Data provided
###
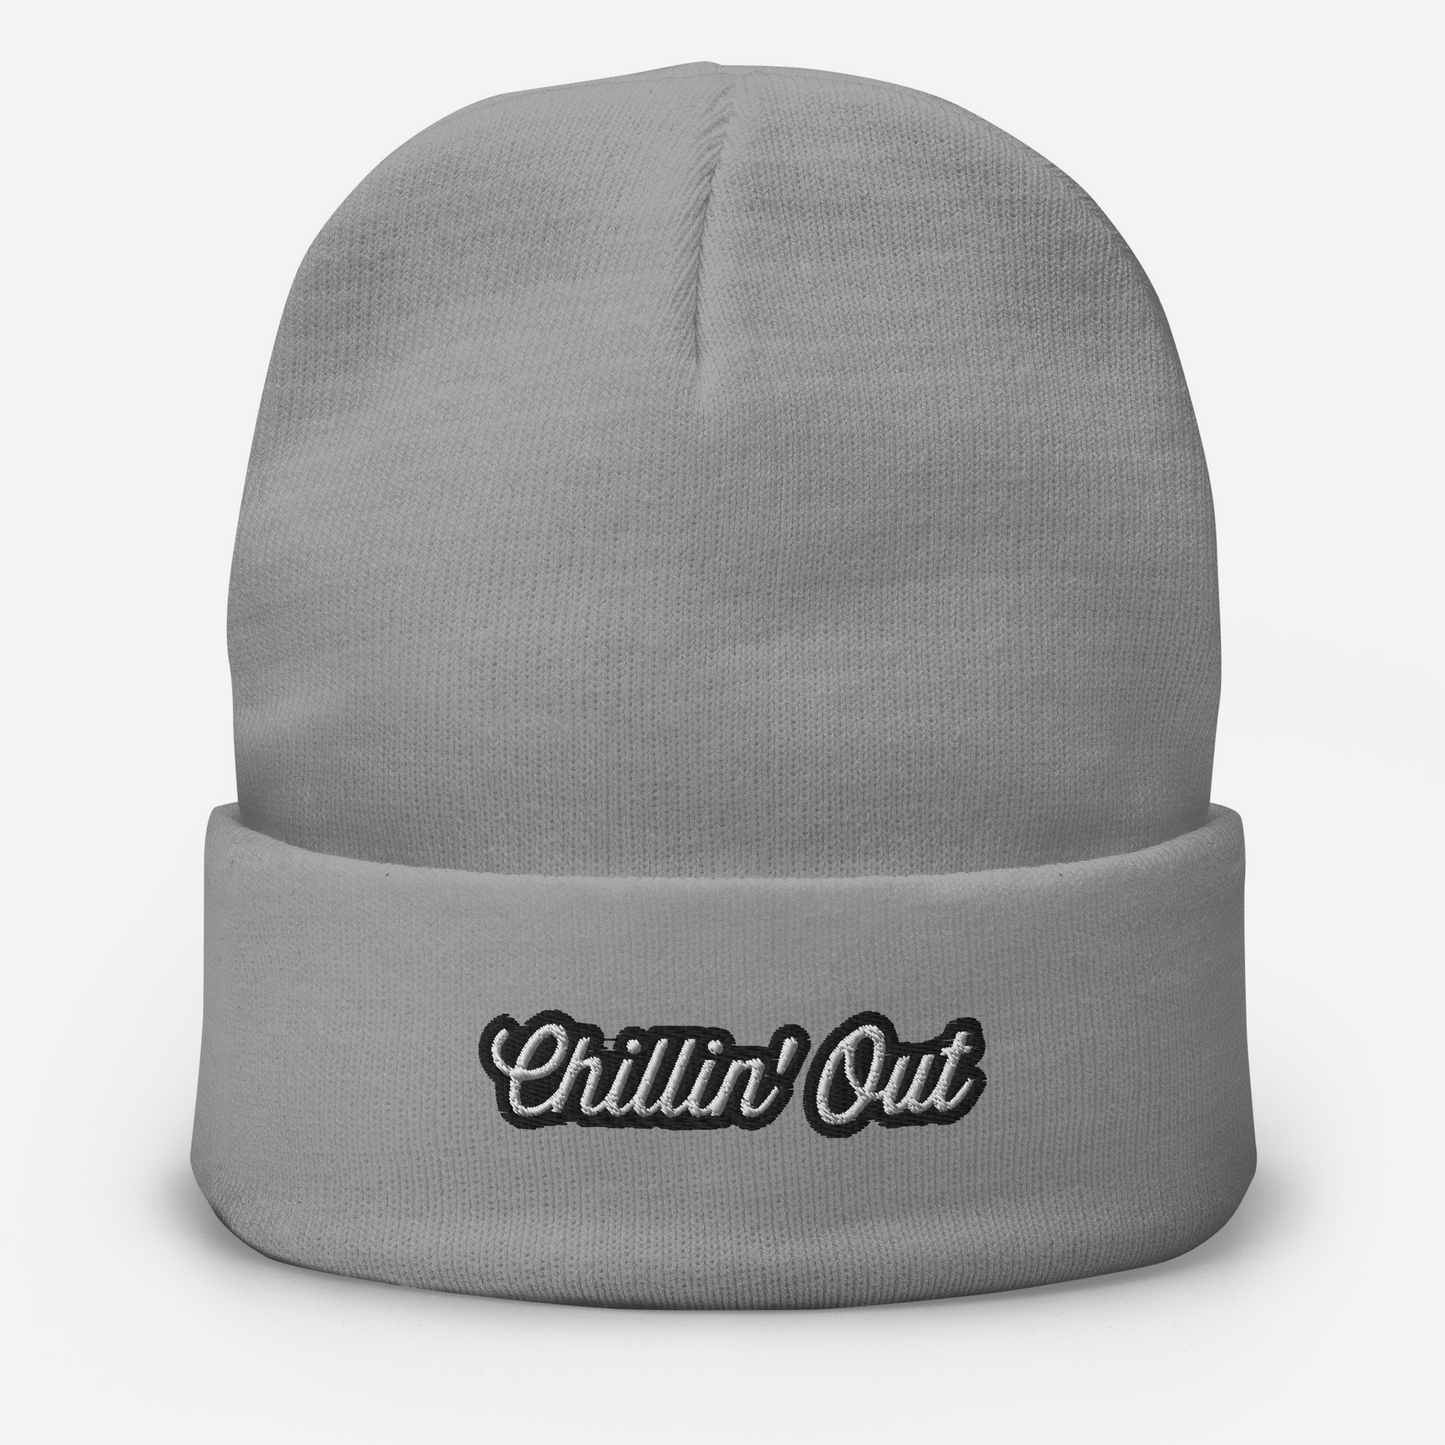 Chillin' Out - Embroidered Beanie
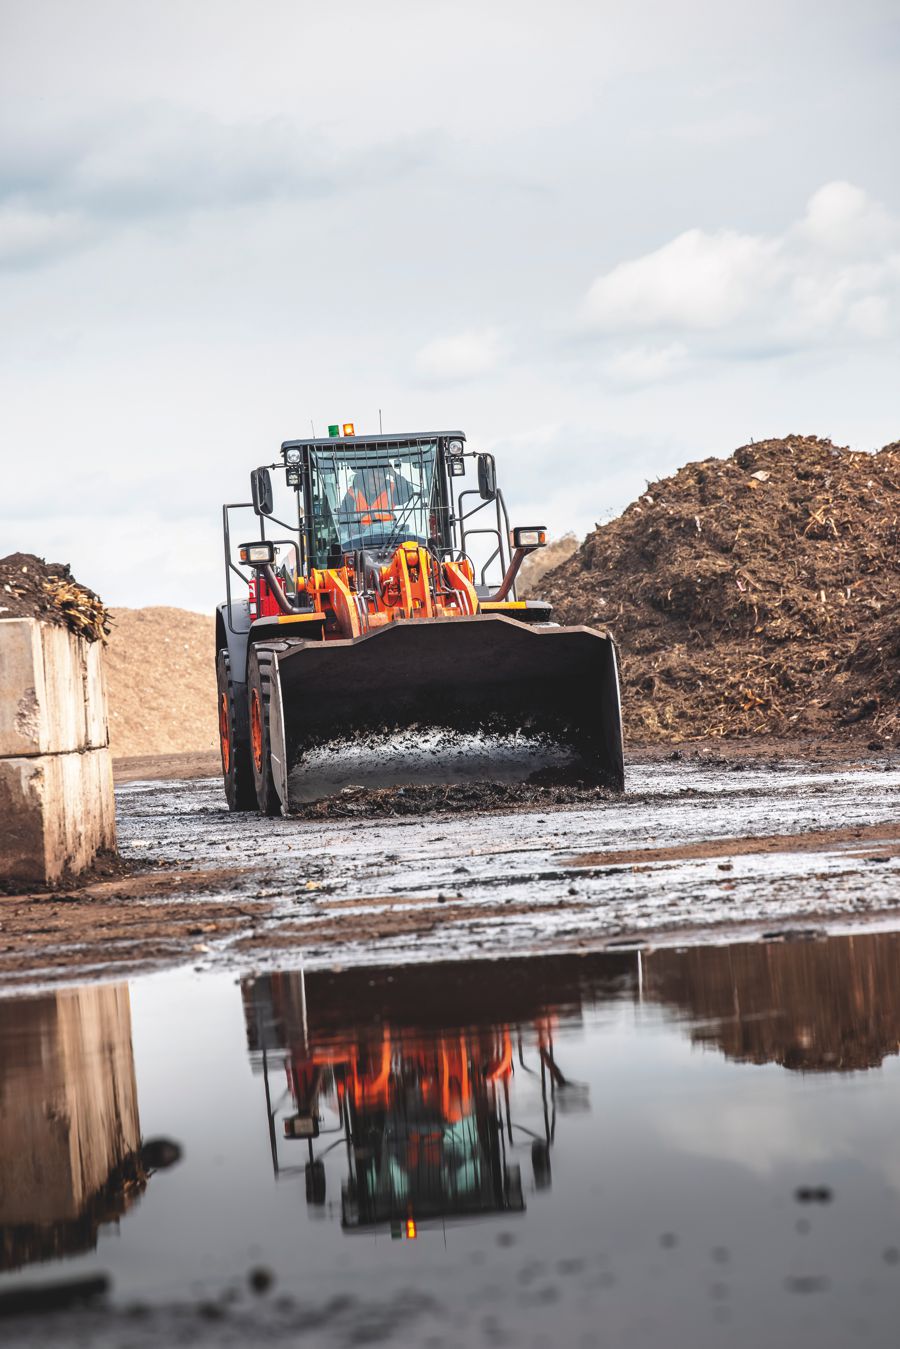 Service and quality puts Hitachi Wheel Loaders in first place for Recycling company
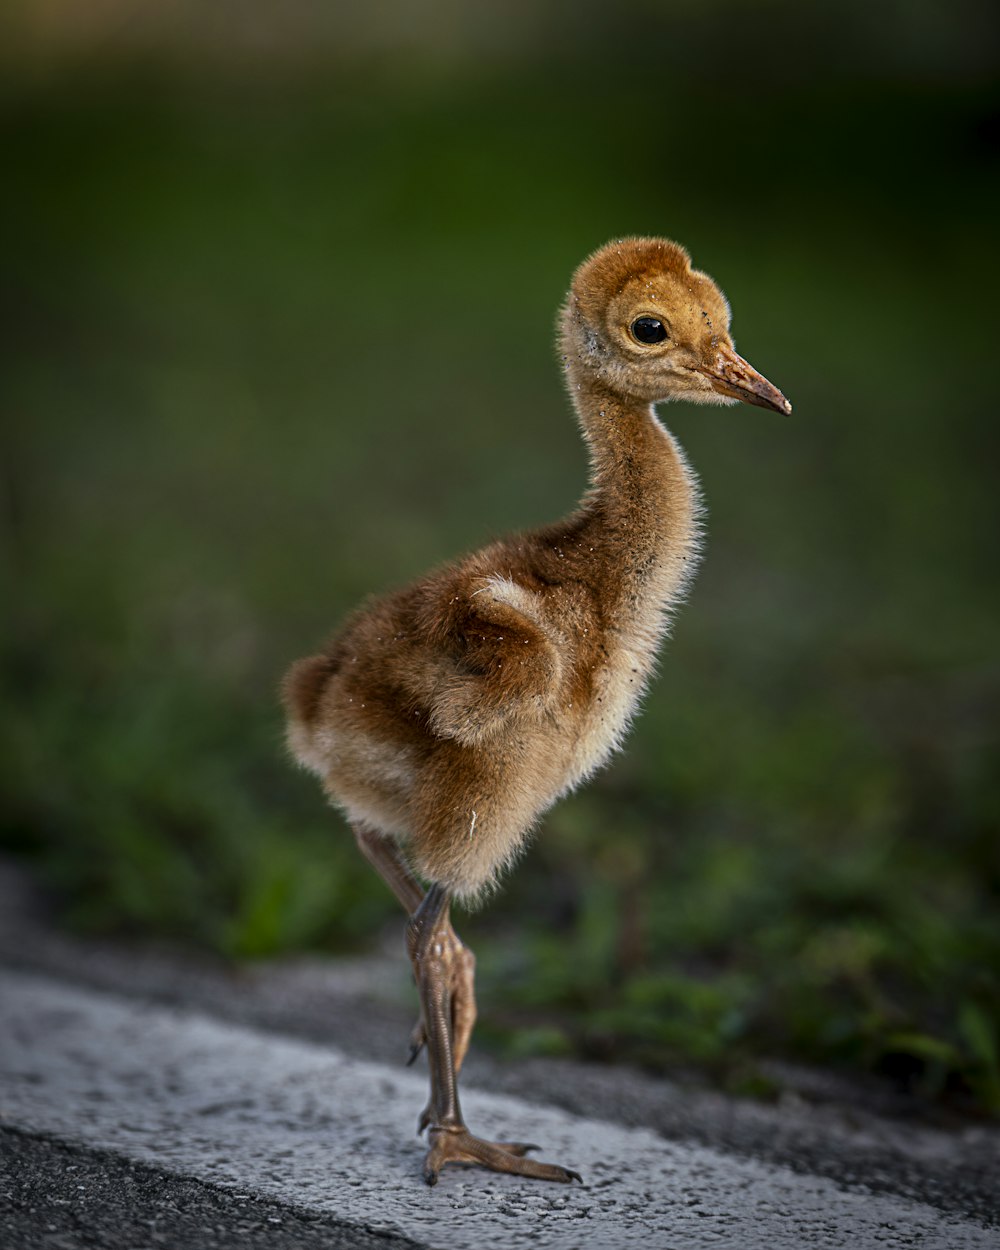 a small bird standing on the side of a road
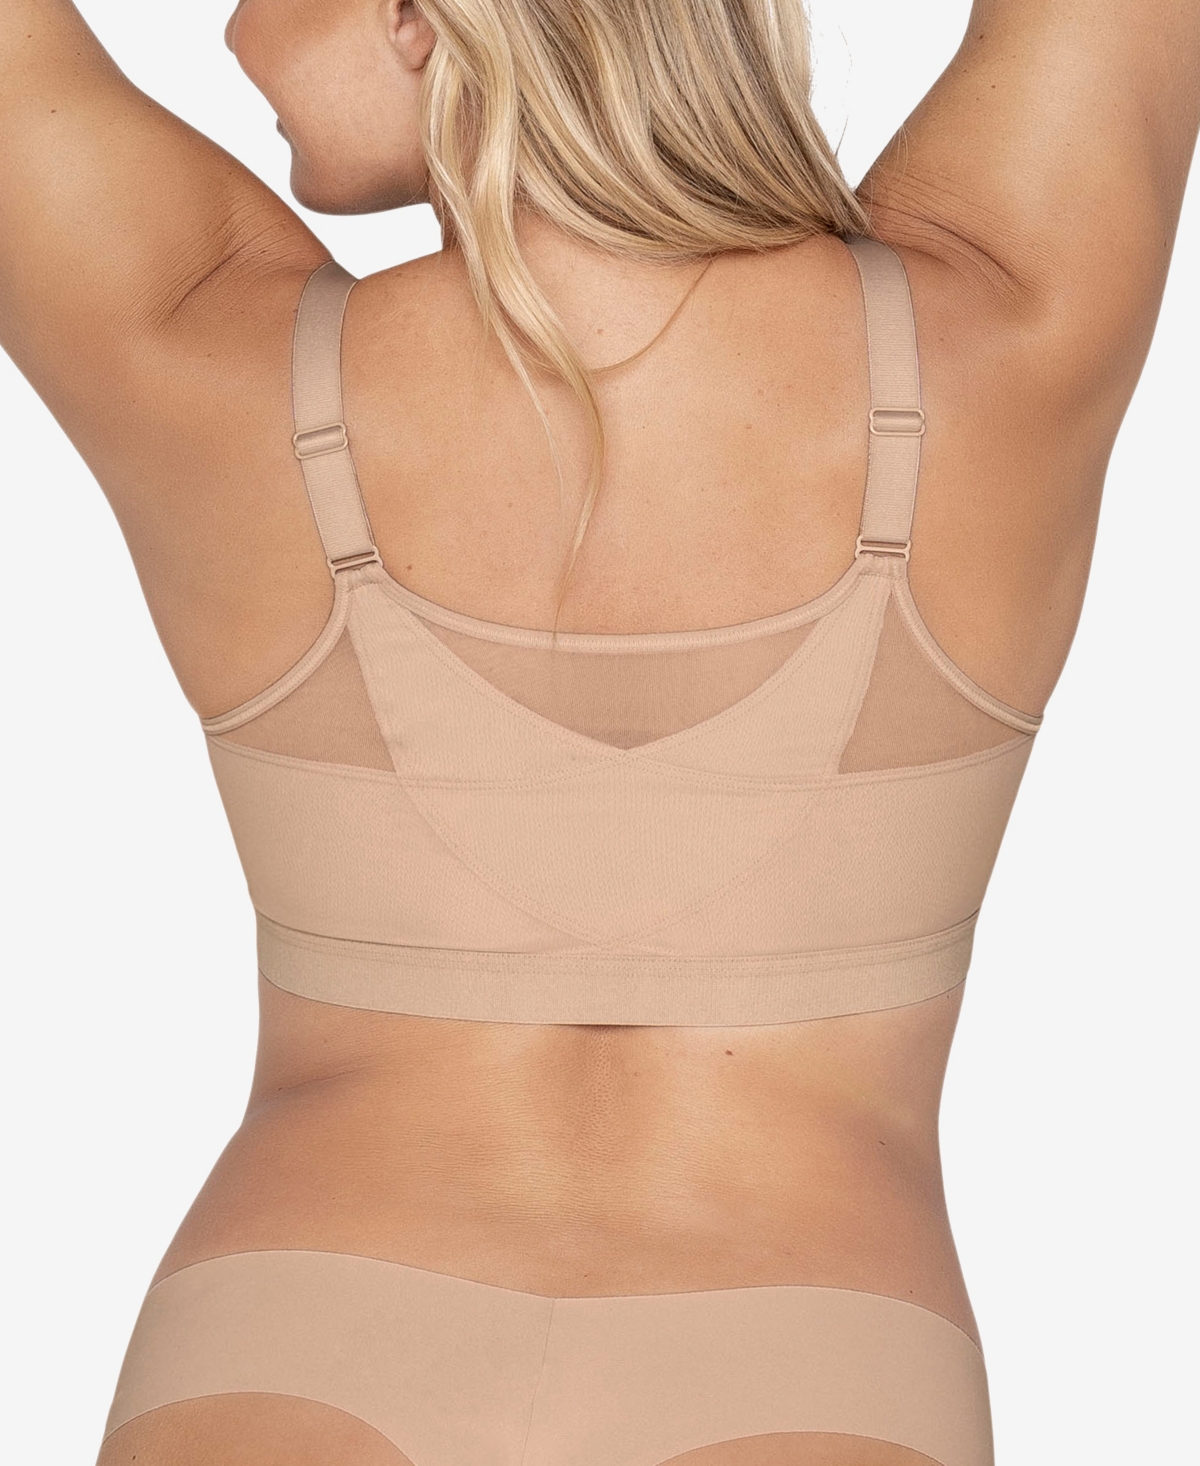 Back Support Posture Corrector Wireless Bra with Contour Cups 011936 - Light Beige
###
All lines from the one that contains "Service and quality" through the last line of the data should be retyped exactly, with the pictures left out.

 Service and quality puts Hitachi Wheel Loaders in first place for Recycling company
 a small bird standing on the side of a road
 Back Support Posture Corrector Wireless Bra with Contour Cups 011936 - Light Beige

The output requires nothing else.